A 2008 UNESCO report on Uganda, published by the International Institute for Education Planning, says teachers affected by HIV/AIDS are likely to take increasing period of time off work, while others also absent themselves in order to look after sick family members.

A 2007 survey by International Development Consultants of 401 schools in Uganda showed a decline in teacher absenteeism from 25% in 2001 to 21% in 2005 and 2006.

However, there is no specific data available on the prevalence of teacher absenteeism in Kiboga and Mbale.

Pupils who attend school receive less teacher-learning time, which has led to low quality of education.

According to SNV, teacher absenteeism also drains the funding to Uganda’s education budget. A countrywide 20% reduction in teacher absenteeism would be the equivalent of hiring 5,000 more teachers thus saving public funds.

The scheme is to be implemented in partnership with Makerere University’s Computer and IT department which has developed a platform called EpiHandy, which supports SMS-based data collection.

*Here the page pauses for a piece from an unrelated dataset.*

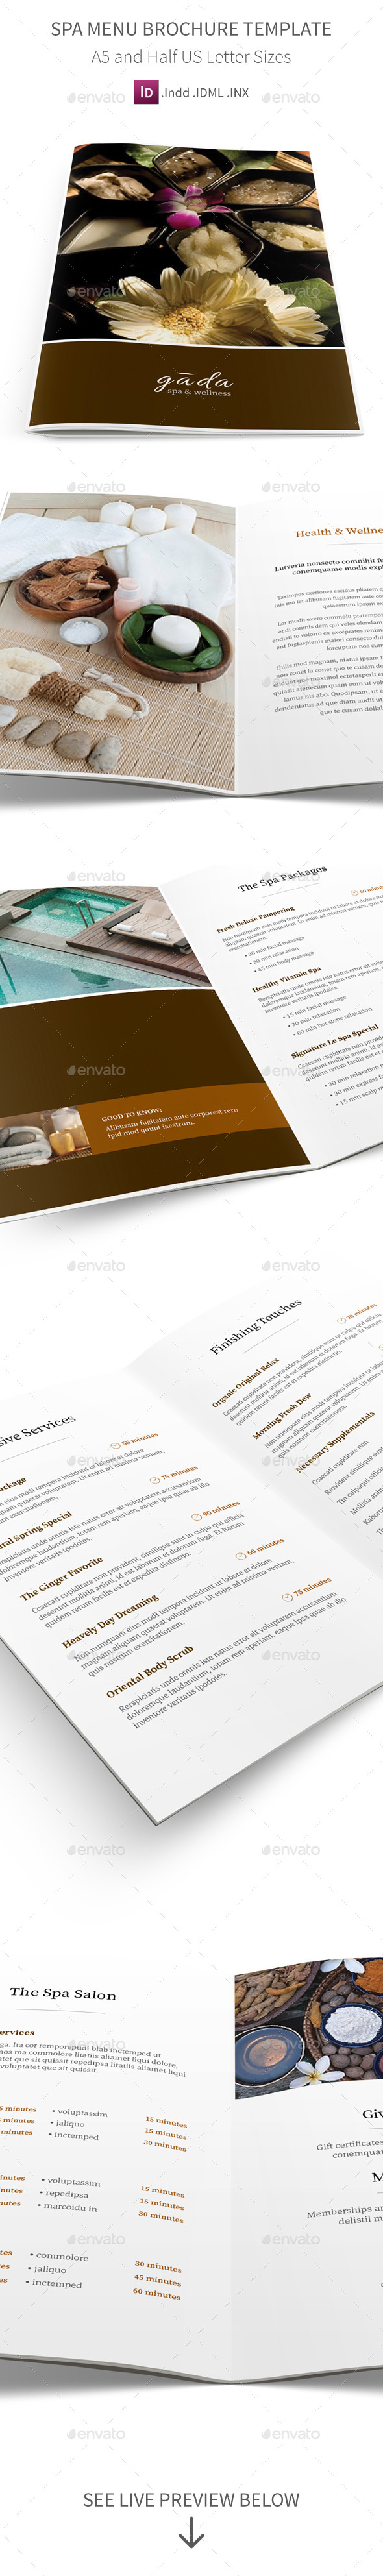 Spa Menu Brochure A5 Half Letter Sizes

Data on teacher and pupil absenteeism will be captured from 100 schools in two districts that are to be enrolled under the pilot scheme.

“The information will make the dynamics around teacher absenteeism transparent and inform district and sub-district government officials for appropriate short, medium and long term action,” said Graaf.

The project will be implemented in phases, following the primary school academic calendar. Feasibility and planning took place between January and April this year.

Between November and December 2009, the ICT system for data collection will be tested for efficacy in order to carry out any necessary modifications.

The actual pilot phase will be implemented between February and September, to cover the first and second terms in the forthcoming academic year for primary schools.